An energy harvester developed by the Cambridge Centre for Smart Infrastructure and Construction (CSIC) has been tested on the Forth Road Bridge in Scotland where, powered only by traffic and wind induced bridge vibrations, it was demonstrated successfully powering a wireless mote which transmitted data to a receiver mote.
Designed by CSIC’s Dr Yu Jia, Dr Ashwin Seshia and the Sensors and Data Collection team, the patented low-cost, wireless, battery-free energy harvesting device was trialled at the live site in April 2015 where it was deployed for part of a day at a number of locations under the deck of the Forth Road Bridge.
The vibration-powered wireless monitoring technology has the potential to enable maintenance free, autonomous measurement of the behaviour of key structural elements of infrastructure, even in the most difficult-to-reach areas, giving the owner a far greater understanding of the actual capacity and level of safety of an asset.
The results of the Forth Road Bridge trial, which demonstrated that the technology works in live conditions, were presented at the world’s premier academic conference on micro and nanotechnology for power and energy applications, PowerMEMS 2015, in Cambridge (MA, USA), at the close of last year.
“The paper was well received at the conference and was one of only a few academic contributions that has demonstrated the operation of the technology in a real environment,” said Yu.
“Our macro-vibration energy harvesting (VEH) prototype has demonstrated the potential to generate substantially more power than devices based on more conventional approaches to vibration energy harvesting and could provide a convenient, self-sustaining on-board power solution to complement emerging wireless sensor technologies – the smarter power backbone to the ever-growing wireless infrastructure.”
The conventional resonant-approaches to scavenge kinetic energy are typically confined to narrow and single-band frequencies. CSIC’s vibration energy harvesting device combines both direct resonance and parametric resonance in order to enhance the power responsiveness towards more efficient harnessing of real-world ambient vibration.

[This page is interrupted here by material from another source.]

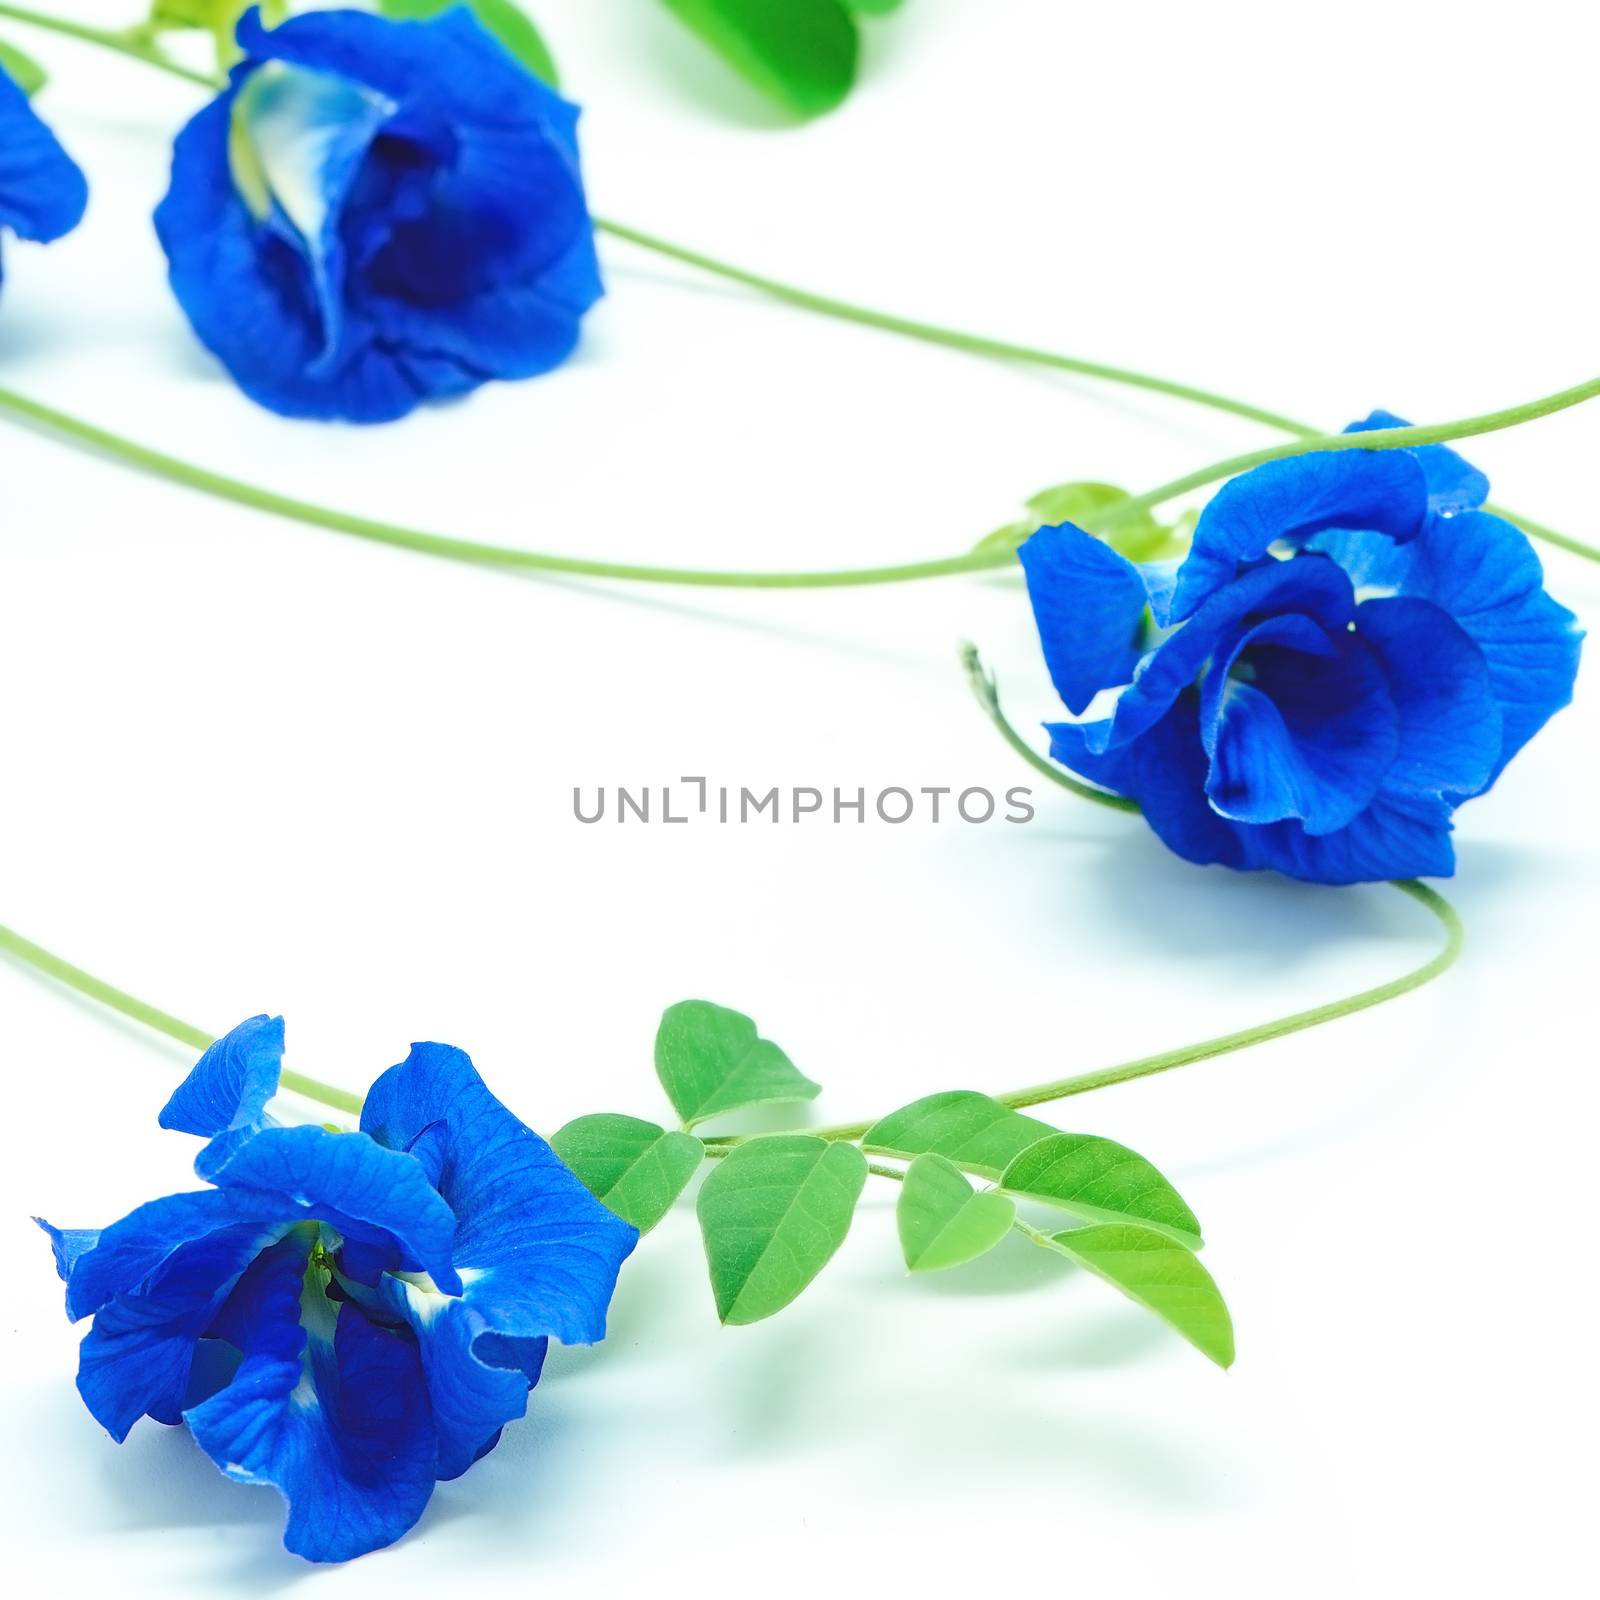 Blue Pea flower, isolated on a white background

In the field-site, the packaged electromagnetic harvester designed to operate in both of these resonant regimes, with an operational volume of ~126 cm3, was capable of recovering in excess of 1 mW average raw AC power from the traffic and wind-induced vibrations in the lateral bracing structures underneath the bridge deck. The harvester was integrated off-board with a power conditioning circuit and a wireless mote. Duty-cycled wireless transmissions from the vibration-powered mote were successfully sustained by the recovered ambient energy.
“This limited duration field test provides the initial validation for realising vibration-powered wireless structural health monitoring systems in real world infrastructure, where the vibration profile is both broadband and intermittent,” said Yu.

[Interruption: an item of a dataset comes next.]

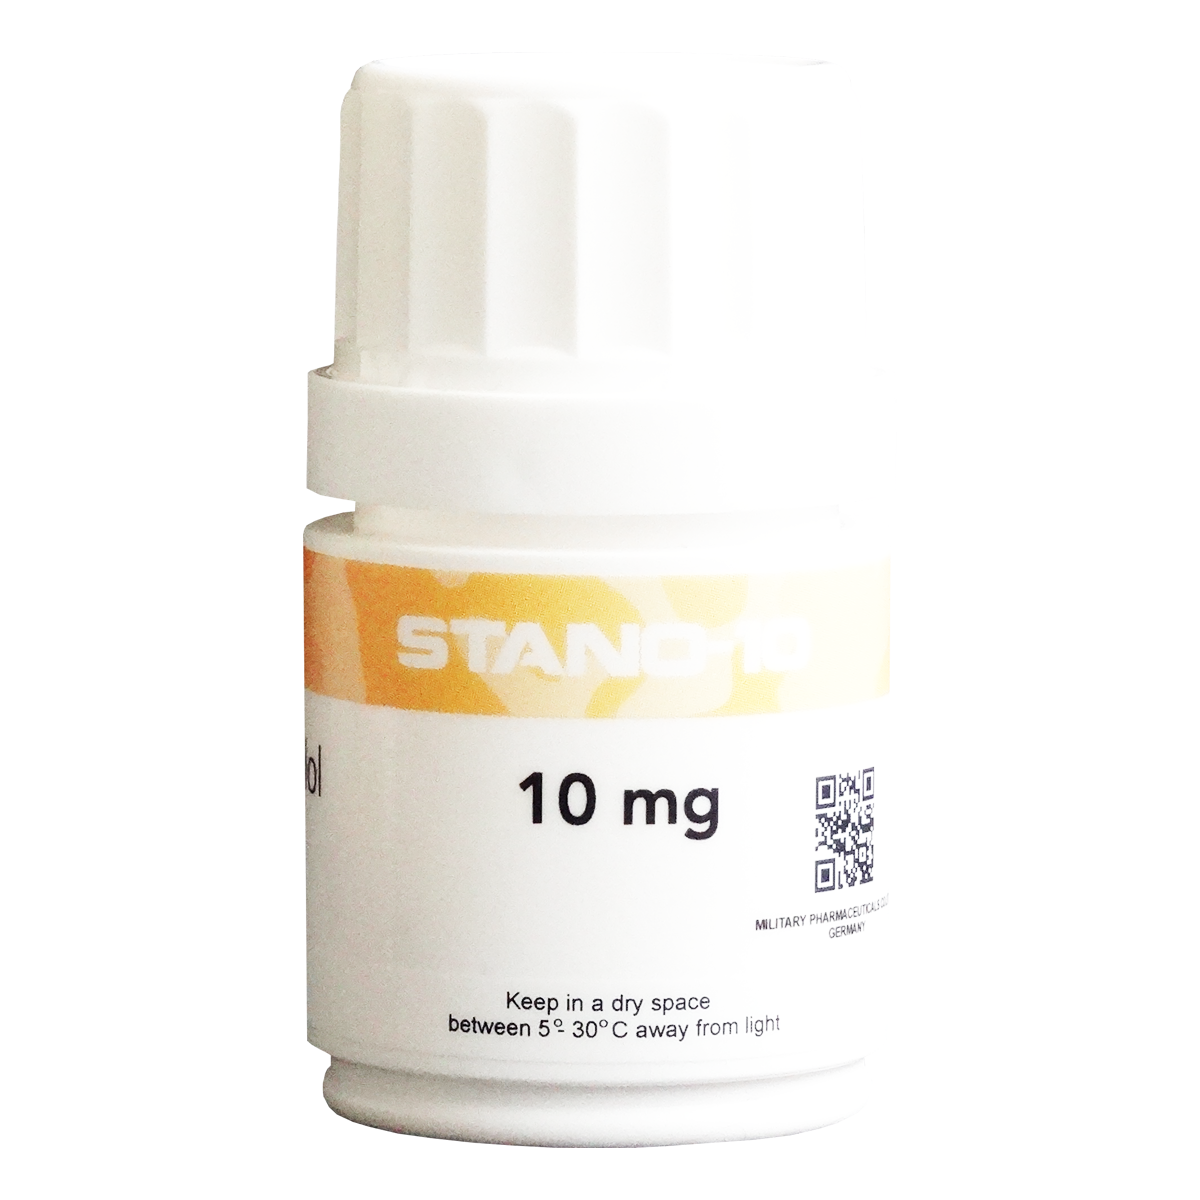 Military-Pharma_Stromba_oral_Steroids_Stanozolol_tablets_Burn_Fats_Weight_Loss_Lean_Muscle_Gain_Strength_Speed_Endurance
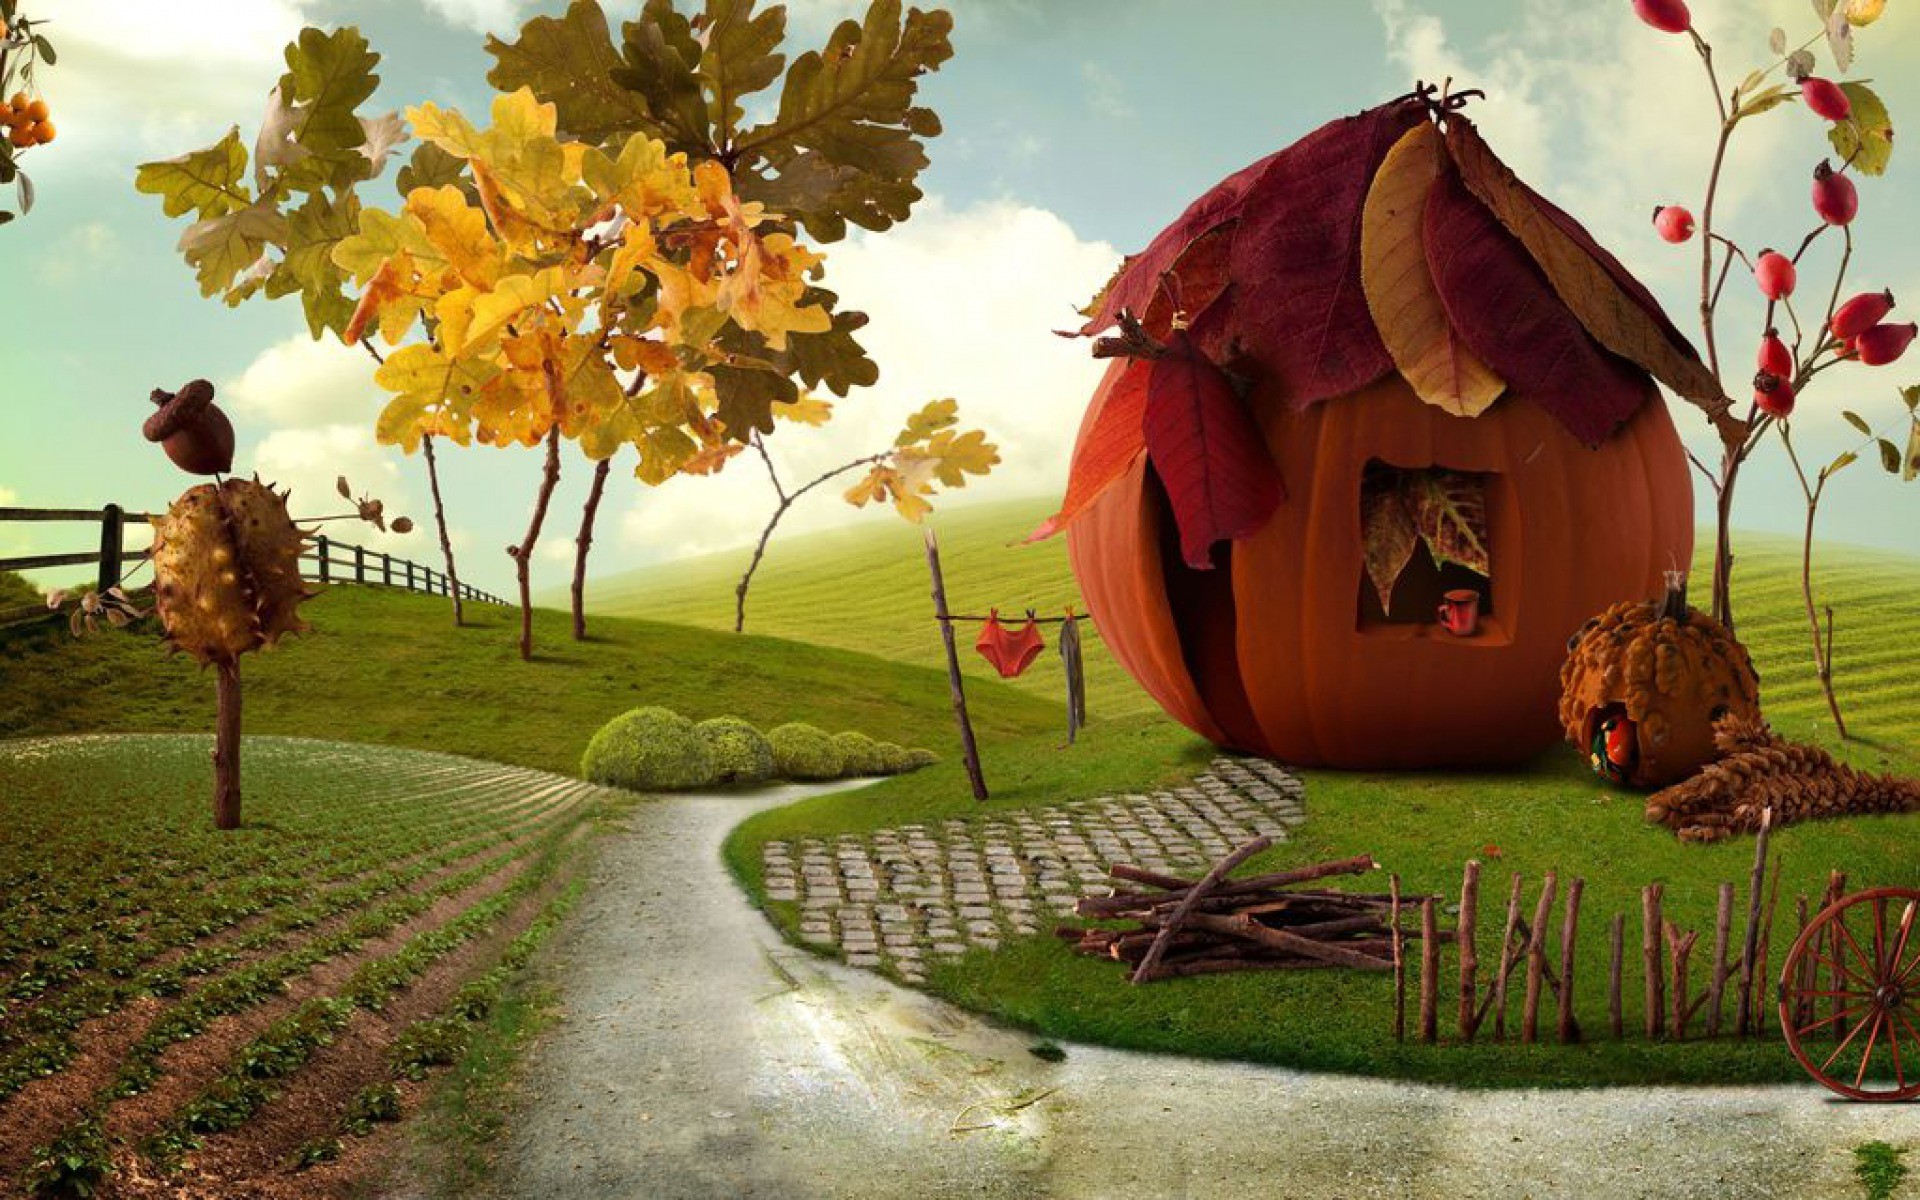 1920x1200 Imaginative Autumn Scenery wallpapers and stock photos

“We now plan to work on enhancing the robustness of the harvester prototype, improving the efficiency of the power conditioning circuitry, further minimising the power requirement of the WSN mote and incorporating sensor systems onto the vibration powered mote in order to realise long term deployment trials at field-sites in the near future.”

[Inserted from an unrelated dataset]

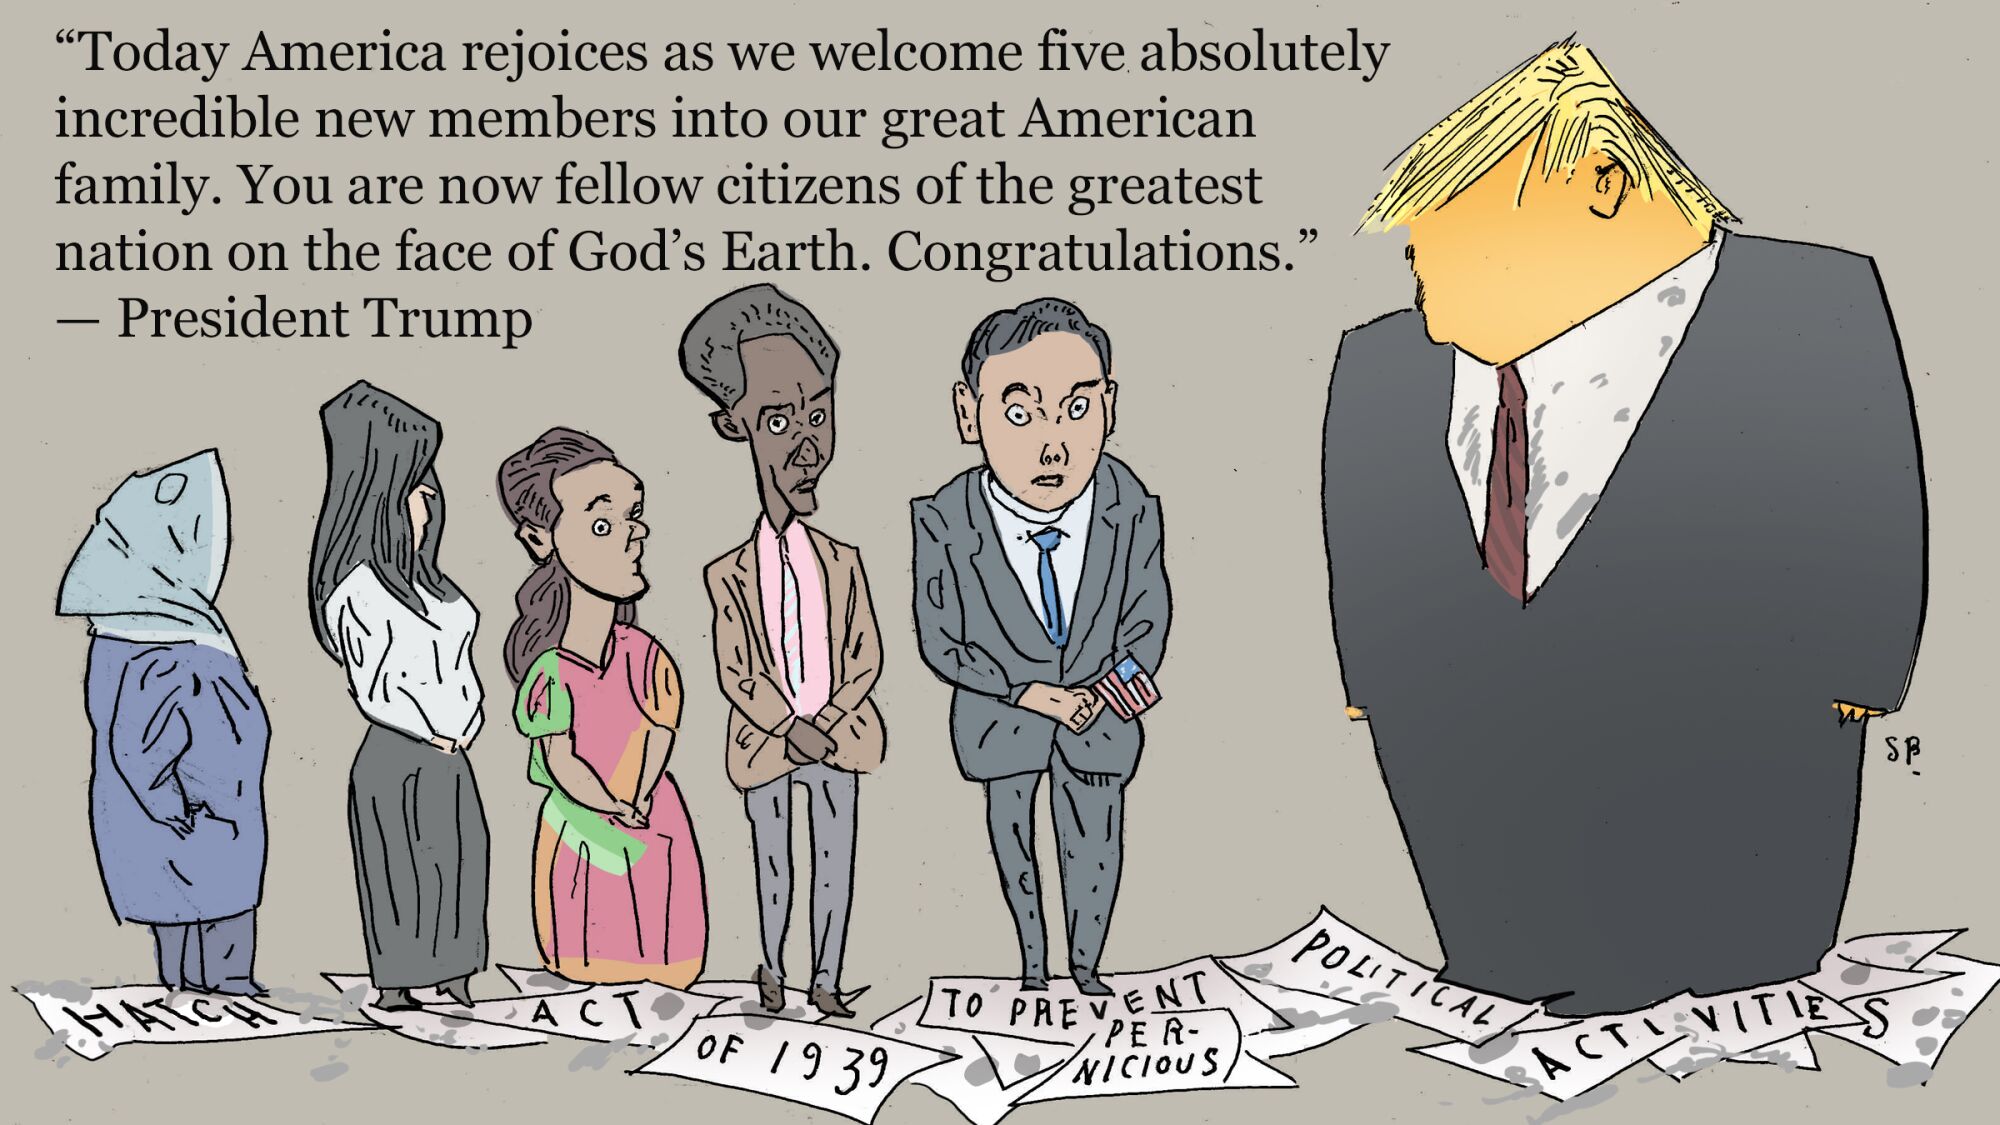 Steve Brodner's illustrated takeaways from Day Two at the 2020 Republican National Convention

A spin-out company, 8Power, is being formed to commercialise the technology. Robert Trezona, from IP Group plc, a venture capital organisation for British technology companies, said: “The new vibration harvesting energy technology developed by CSIC is a world-class innovation with several large potential markets.”
A paper detailing CSIC’s macro-VEH prototype and field trial, titled “A vibration powered wireless mote on the Forth Road Bridge,” has been published in the Journal of Physics: Conference Series.